Hateful NY Times: Florida, Texas Bills Show GOP Has Embraced 'Lies'

May 7th, 2021 3:58 PM

The New York Times continues to vituperatively attack Republican efforts to keep the voting process secure. Recent moves by GOP-led legislatures in Florida and Texas caused the latest meltdown in Friday’s edition: “Texas G.O.P. Pushes to Join Florida in Limiting Ballot Access.” The text box: “A sign of how much a party has embraced Trump’s election lies.”

Reporters Nick Corasaniti and Reid Epstein exaggerated:

Hours after Florida installed a rash of new voting restrictions, the Republican-led Legislature in Texas pressed ahead on Thursday with its own far-reaching bill that would make it one of the most difficult states in the nation in which to cast a ballot.

The Texas bill would, among other restrictions, greatly empower partisan poll watchers, prohibit election officials from mailing out absentee ballot applications and impose strict punishments for those who provide assistance outside the lines of what is permissible.

The paper did its best to portray the reasonable measures as frightening.

After the early-morning vote, Sarah Labowitz, policy and advocacy director of the A.C.L.U. of Texas, said in a statement, “Under cover of darkness, the Texas House just passed one of the worst anti-voting bills in the country.” She added, “Texans deserve better than to wake up and find out that lawmakers jammed through a law that will make participating in our democracy harder and scarier.”

Florida and Texas are critical Republican-led battleground states with booming populations and 70 Electoral College votes between them. The new measures the legislatures are putting in place represent the apex of the current Republican effort to roll back access to voting across the country following the loss of the White House amid historic turnout in the 2020 election.
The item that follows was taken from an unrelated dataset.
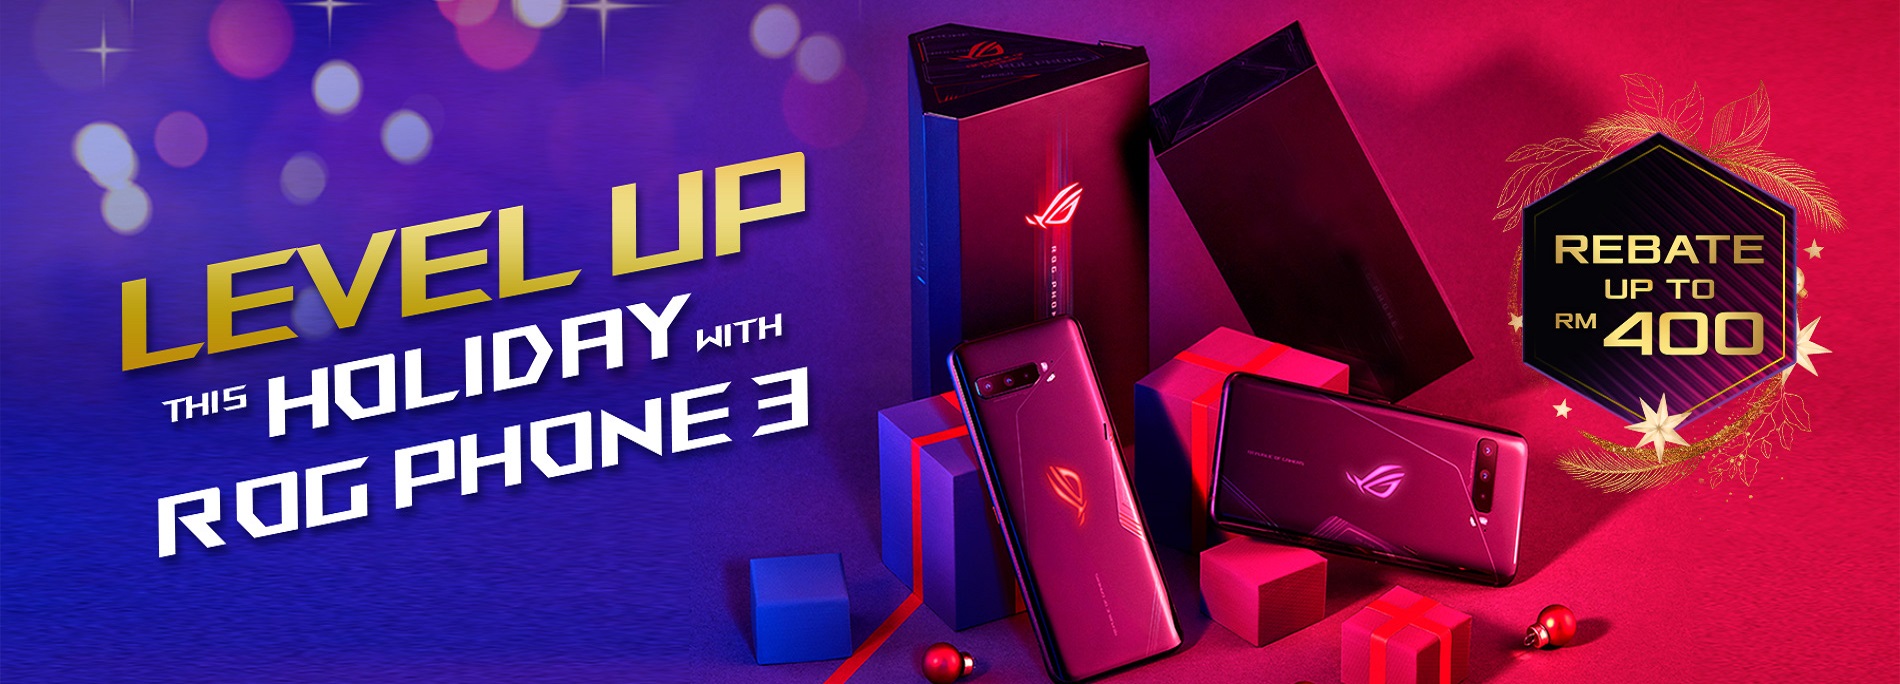 Level up this holiday with ROG Phone 3! Enjoy up to RM400 off on selected models.

The Times tried hard to hook the Florida and Texas moves to Trump’s election-win fantasies:

Republicans have pressed forward with these bills over the protests of countless Democrats, civil rights groups, faith leaders, voting rights groups and multinational corporations, displaying an increasing no-apologies aggressiveness in rolling back access to voting.

The efforts come as Republicans in Washington are seeking to oust Representative Liz Cheney from her leadership position in the House Republican caucus for her continued rejection of former President Donald J. Trump’s lies about the 2020 election, and as Republicans at a party convention in Utah booed Senator Mitt Romney for his criticism of the former president.

The tone lurched into left-wing feverishness about the “Big Lie” proffered by Trump.

Together, the Republican actions reflect how deeply the party has embraced the so-called Big Lie espoused by Mr. Trump through his claims that the 2020 election was stolen.

Democrats, gerrymandered into statehouse minorities and having drastically underperformed expectations in recent state legislative elections, have few options for resisting the Republican efforts to make voting harder.

In Georgia and Texas, progressive groups applied pressure on local businesses to speak out against the voting measures. But Republican legislators have been conditioned during the Trump era to pay less attention to their traditional benefactors in chambers of commerce and more attention to the party’s grass roots, who are aligned with the former president and adhere to his lies about the 2020 election.

Meanwhile, Corasaniti and Epstein let Democrats push the partisan “voter rights” bill in Congress, which has passed the House and is waiting in the Senate. Among other things, it would automatically register 16-year-olds to vote, end voter ID requirements, and give felons who’ve served their sentence the right to vote. The Times dropped the scare tactics:

Democrats argued on Thursday that the Republican crackdowns on voting in Florida and Texas had made it more urgent for the Senate to pass the For the People Act, which would radically reshape the way elections are run, make far-reaching changes to campaign finance laws and redistricting and mitigate the new state laws.